Devant les élèves de 1re et 2e Auxiliaire de magasin, le récit d’un moment de vie éprouvant. "Une soirée classique, on rigole, on boit un coup. La soirée se termine, il est 3h30. Malgré les recommandations de mes amis, je décide de reprendre la voiture. Je me revois rouler dans cette longue ligne droite, fatigué, mes yeux se ferment, ma tête devient plus lourde et je commence à m’endormir. Mes yeux se sont fermés et ils ne sont plus rouverts. Et là, c’est un énorme brouillard, la carrosserie froissée, l’odeur du gaz de l’airbag, je perds conscience, je n’ai pas d’idée de ce qui passe à côté de moi. Mon ami ferme aussi les yeux, sauf qu’il ne les rouvrira plus jamais, il avait 17 ans… Le 1 juin matin, je venais de faucher une vie et je venais de briser la mienne."
Assumer, se soigner, le tribunal... Le chemin de la reconstruction a été très compliqué. Avec son témoignage, Fred a souhaité sensibiliser les jeunes: "Appelez quelqu’un quand vous avez bu, ne prenez pas la route dans cet état ".

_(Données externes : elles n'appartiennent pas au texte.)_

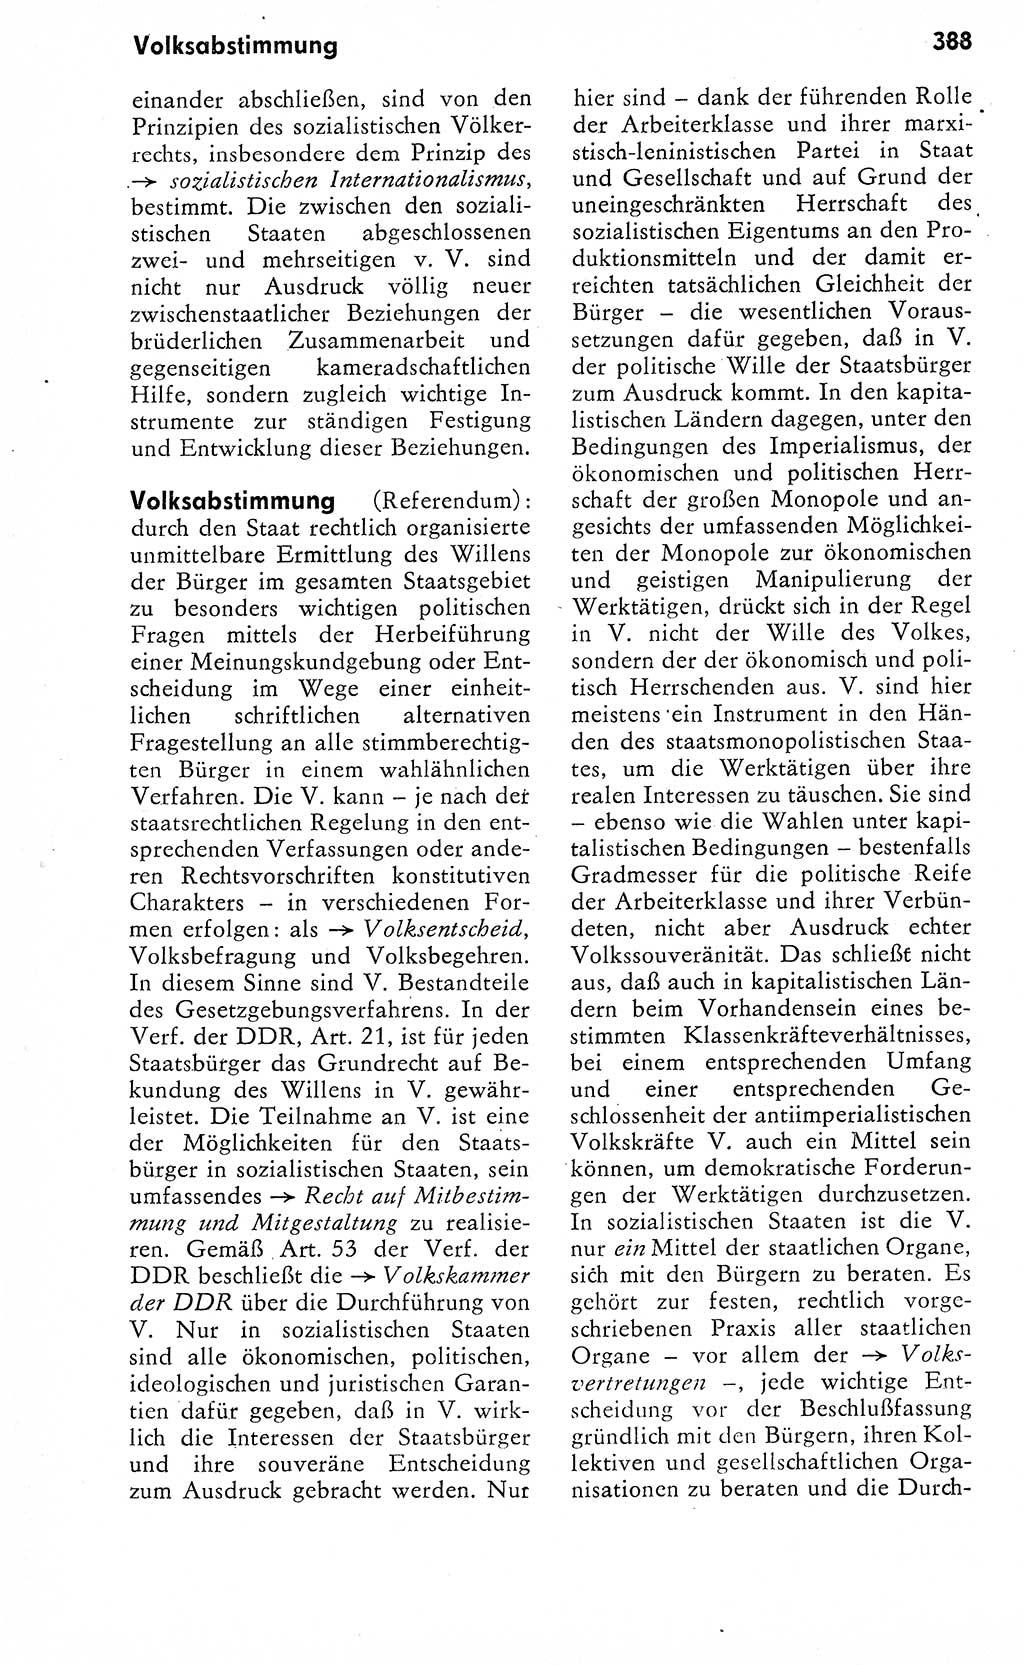 Wörterbuch zum sozialistischen Staat [Deutsche Demokratische Republik (DDR)] 1974, Seite 388 (Wb. soz. St. DDR 1974, S. 388)

Un témoignage en classe, c'est mieux qu'une campagne de sensibilisation. Contrairement à une affiche ou un clip, le témoin crée un lien humain immédiat. Les élèves ne voient plus des statistiques, mais un parcours de vie. La possibilité de poser des questions permet de lever des tabous. L'école a pour mission de former des citoyens éclairés. Le témoignage contribue à cette "culture de l'engagement".